Chrystia Freeland has a 'legitimate shot' at top NATO job, expert says
NATO sources say the deputy PM is in the 'middle of the pack' of strong candidates — if she wants the job
It's the favourite parlour game of the parliamentary precinct — predicting which powerful figure is going where and why. Finance Minister Chrystia Freeland finds herself at the centre of speculation now, as talk about her possible appointment to NATO's top job ramps up.
The buzz was loud enough for a journalist to ask Freeland about it directly on Wednesday, as Liberal cabinet ministers gathered on the West Coast to plot strategy for the fall session of Parliament.
Predictably, the deputy prime minister didn't bite and spoke about how she already has "two busy jobs" — a reference to her principal portfolio as finance minister.
At least four different sources — in Ottawa, Washington and Brussels, where NATO is headquartered — say Freeland's name has been tossed around for several months in international defence and security circles as a potential successor to the current secretary general, former Norwegian prime minister Jens Stoltenberg, who has been in the job since 2014.
The parlour game gets played in other capitals, too.
And while most of the speculation — first reported publicly by journalist Paul Wells in his online column — revolves around the domestic political effects of a possible Freeland candidacy, the chatter in international circles spins on a different axis.
"There are several very qualified women out there who would be very good candidates," said a top NATO official who spoke to CBC News last month. (The source spoke to CBC News confidentially because they are not authorized to speak on the matter publicly.)
"It seems there is some momentum for a woman to be the next [secretary general]."
Stoltenberg's term was supposed to end this month but NATO leaders — reeling in the aftermath of the Russian invasion of Ukraine — extended that term to 2023.
Most people you talk to in the steel and glass concourses of NATO headquarters will repeat the same mantra — that the seven-decade-old military alliance is looking to gain the fresh perspective a woman would bring to the secretary general's post, and that they're looking for someone with grit and international connections.
They're also circumspect about Freeland's chances, suggesting she sits around "the middle of the pack" of women who would make strong, qualified candidates.
"Having a Canadian [secretary general] might be welcome in terms of supercharging Canada's involvement in the alliance," said Chris Skaluba of the Washington-based think-tank the Atlantic Council.
"She's broadly well thought-of in European and trans-Atlantic security circles. I think that gives her a legitimate shot."
Skaluba said "the rumour mill is pretty rampant" and senior sources within NATO have been quick to dampen the speculation.
Stoltenberg has "got more than a year left in his current mandate, so there will be lots of time for names to percolate," said a second source, who spoke on background to CBC News last month.
The jockeying for a replacement was going on in earnest in the early part of 2020, well before the initial deadline to replace Stoltenberg.

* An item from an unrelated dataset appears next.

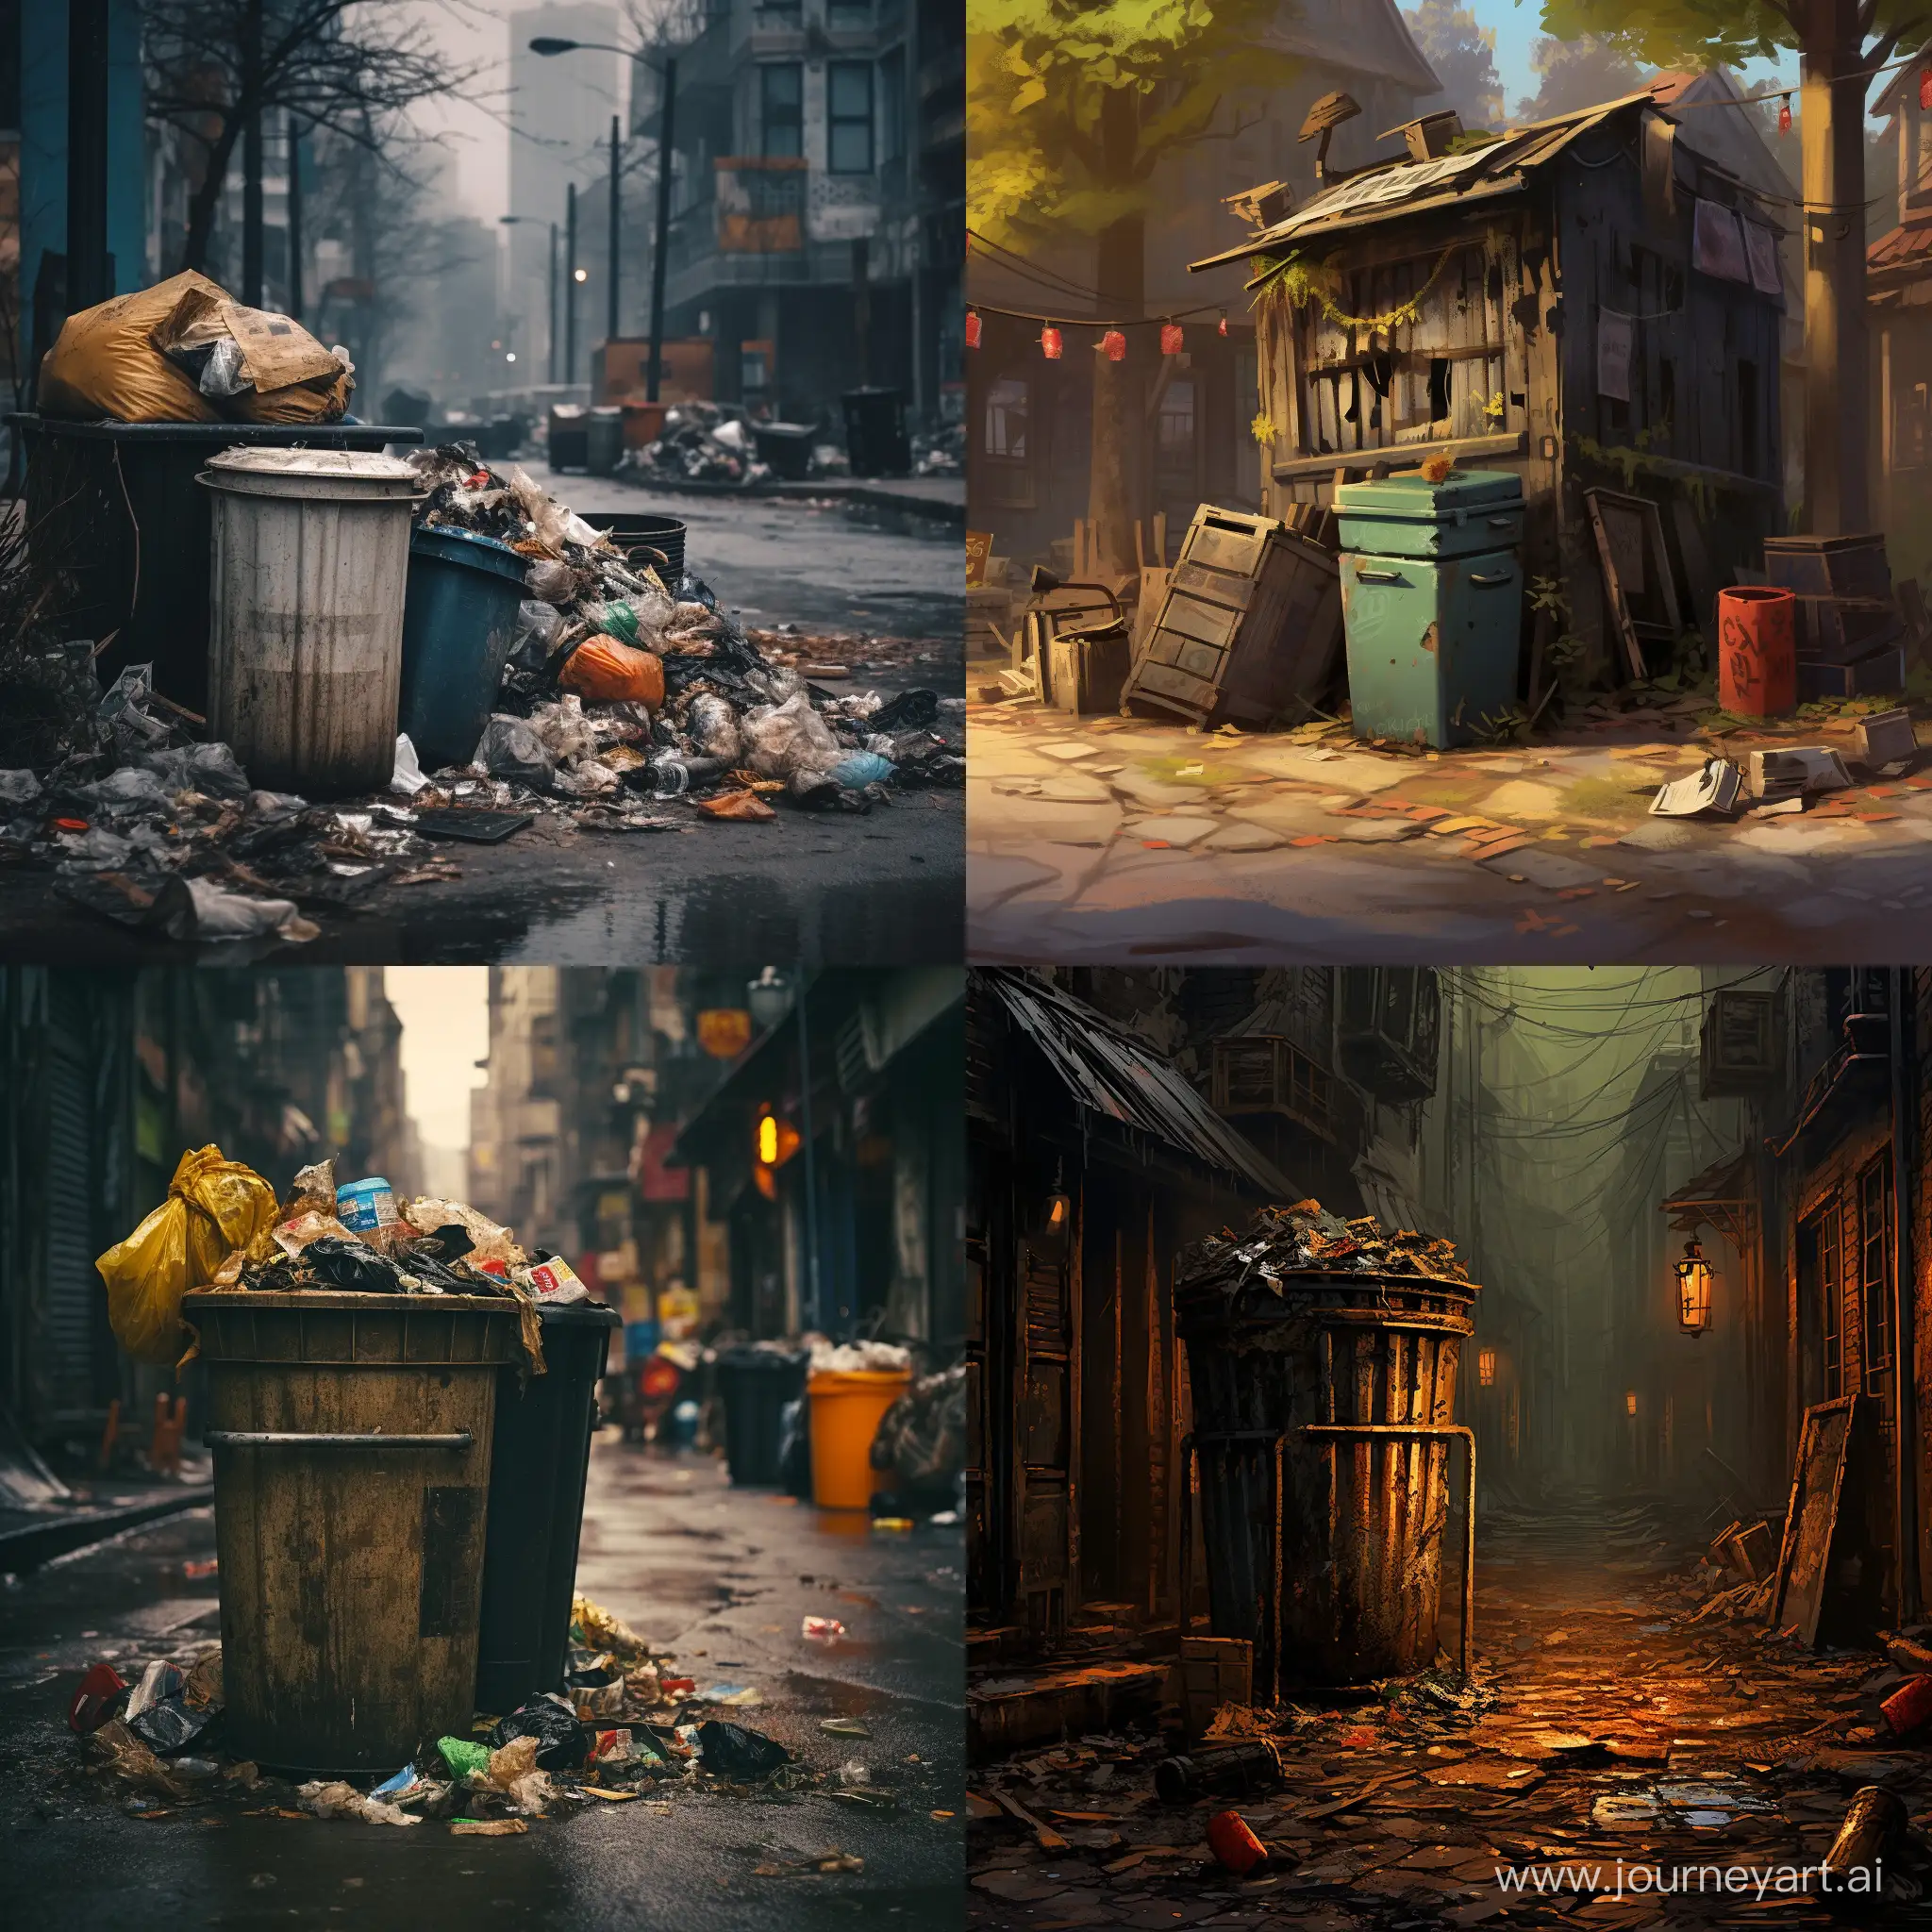 Urban-Neglect-Abandoned-Trash-Can-in-the-Heart-of-the-City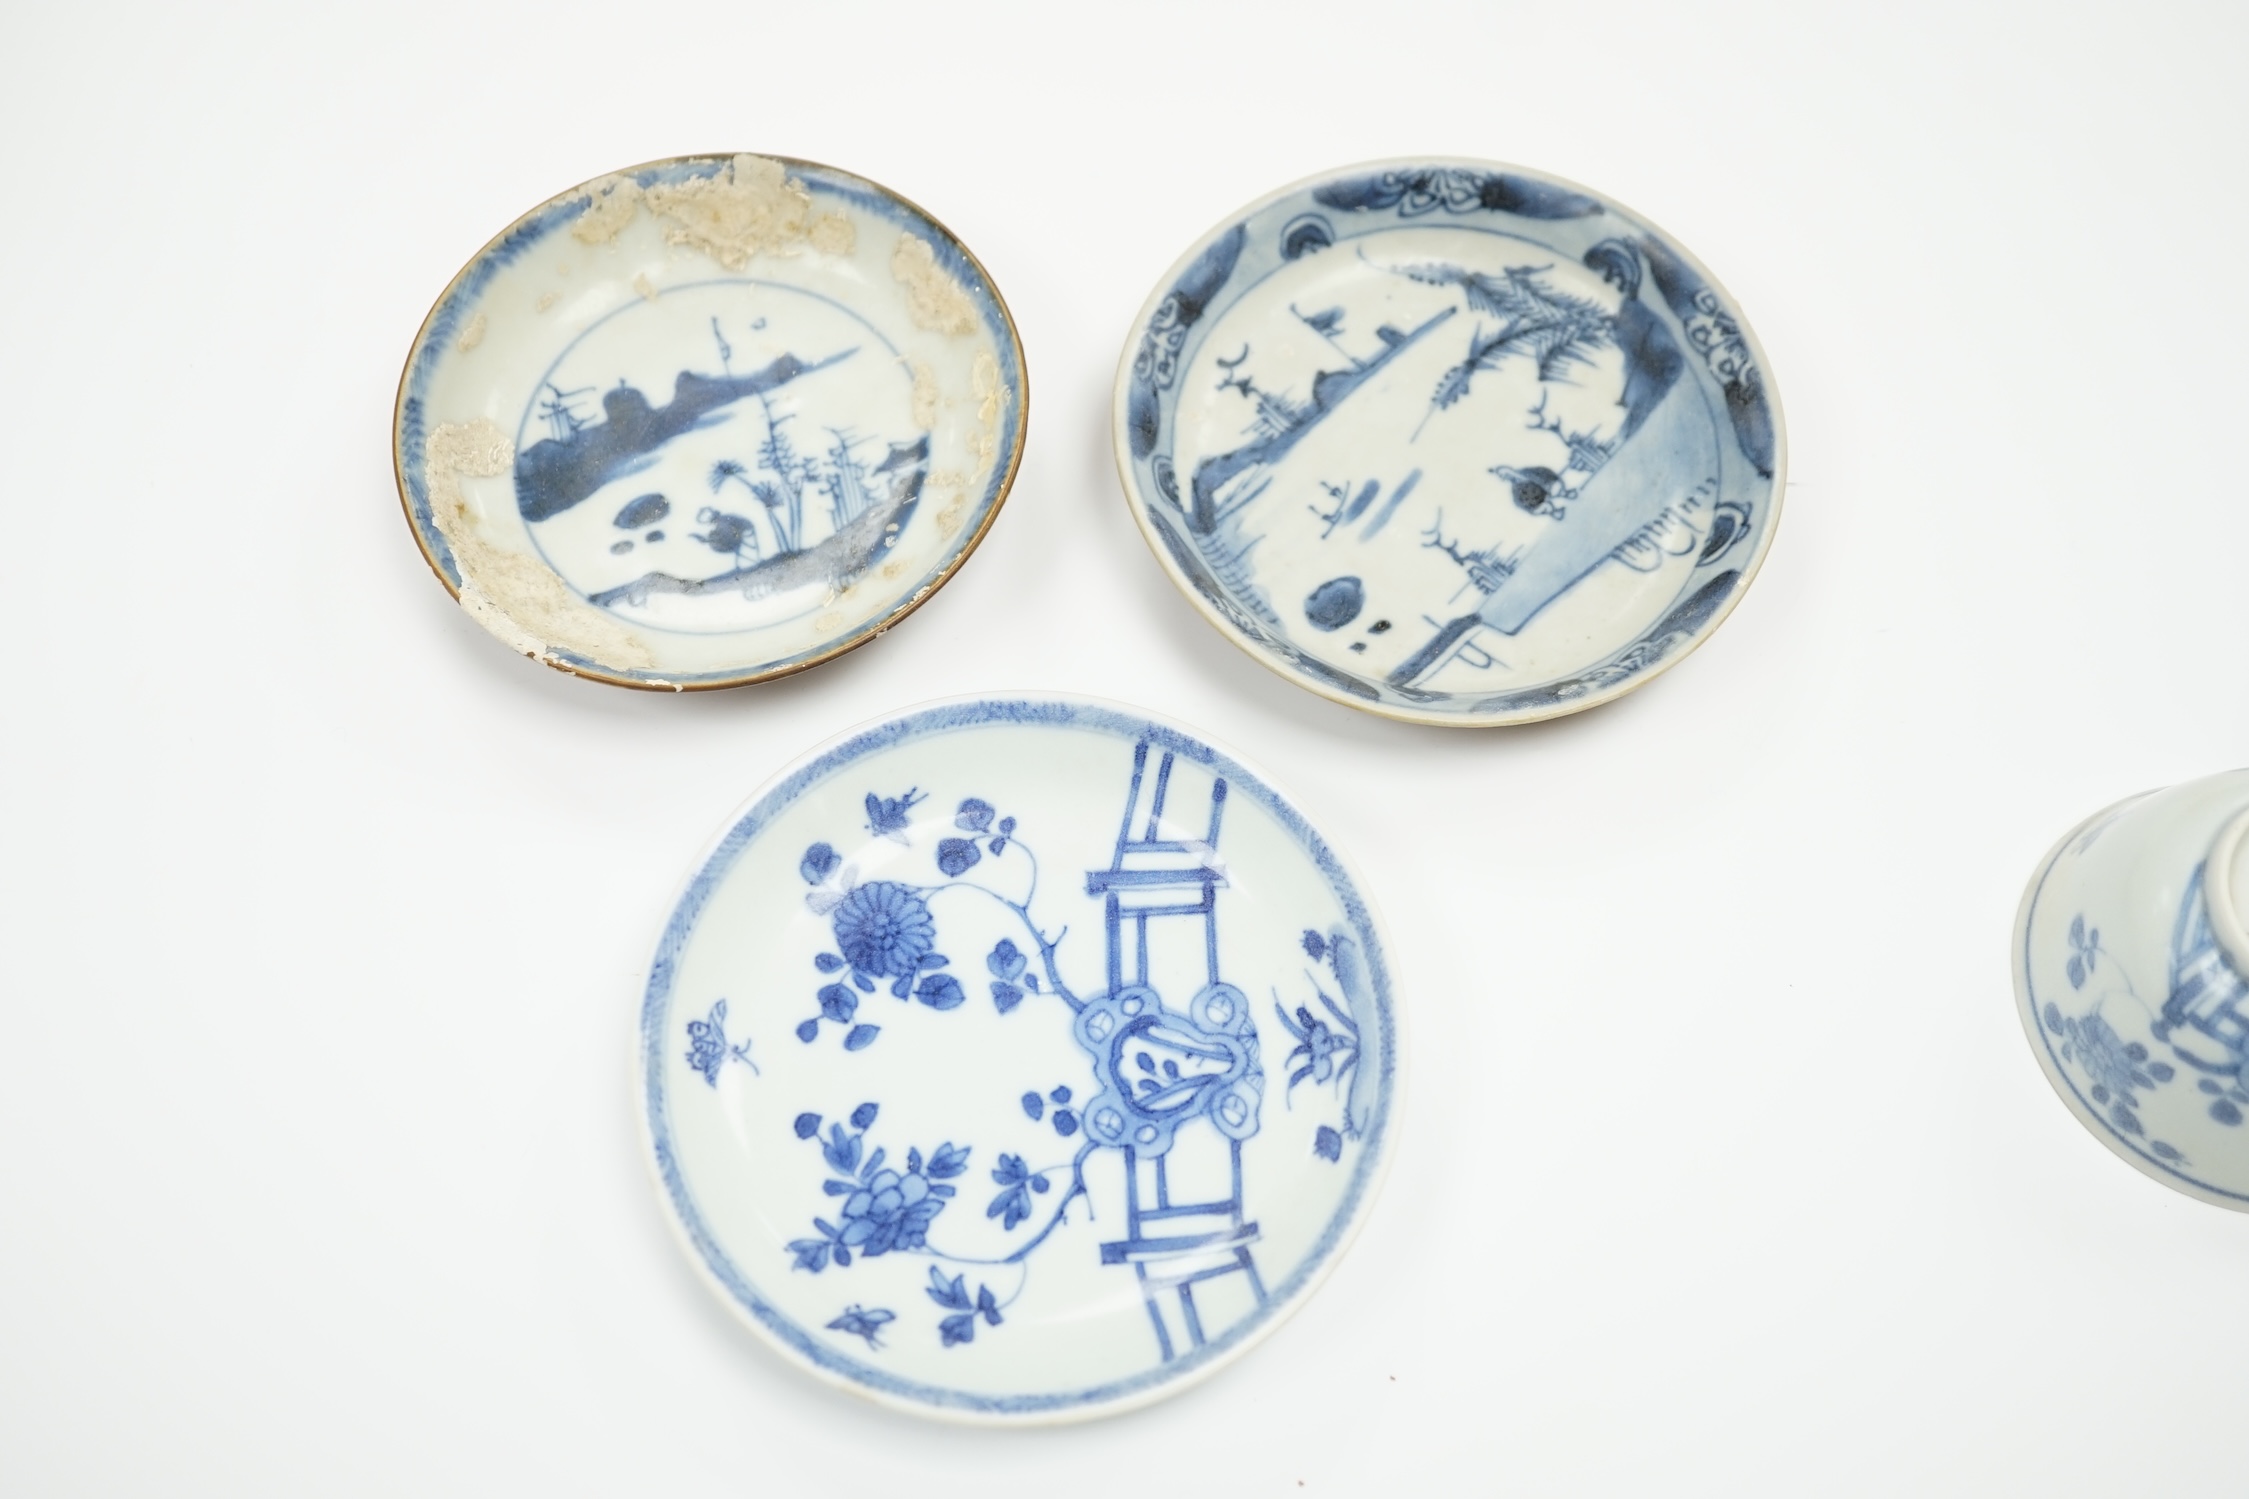 Three Chinese blue and white Ca Mau cargo teabowls and saucers, 18th century, 11.5cm diameter - Image 3 of 4

It reached a fever pitch in the summer of 2021 when U.S.-based Politico wrote about speculation in Brussels that three former presidents of NATO nations — Kolinda Grabar-Kitarović of Croatia, Dalia Grybauskaitė of Lithuania and Kersti Kaljulaid of Estonia — were among the top contenders.
Sources in Brussels said Freeland's name surfaced last fall.
The question that didn't quite get answered on Wednesday was whether Freeland might be interested in the job.
As someone steeped in Eastern European politics and history, someone who can speak English, Ukrainian, Russian, Polish, French, Spanish and Italian, Freeland likely would be considered a major asset at a time when the alliance is trying to hold itself together in the face of a major regional war. Her knowledge of Russia and the inner workings of the Kremlin would be another major plus.
But in order to secure her candidacy, both her and Prime Minister Justin Trudeau would have to work the international diplomatic circuit — likely behind the scenes — and expend political capital.
"The informal process is probably the more important one," said Skaluba, who spent 15 years at the Pentagon and as a liaison to NATO.
The lobbying and arm-twisting happens in the major NATO capitals — Washington, London, Paris and Berlin.
By the time there's a formal vote, Skaluba said, "there's going to be no drama."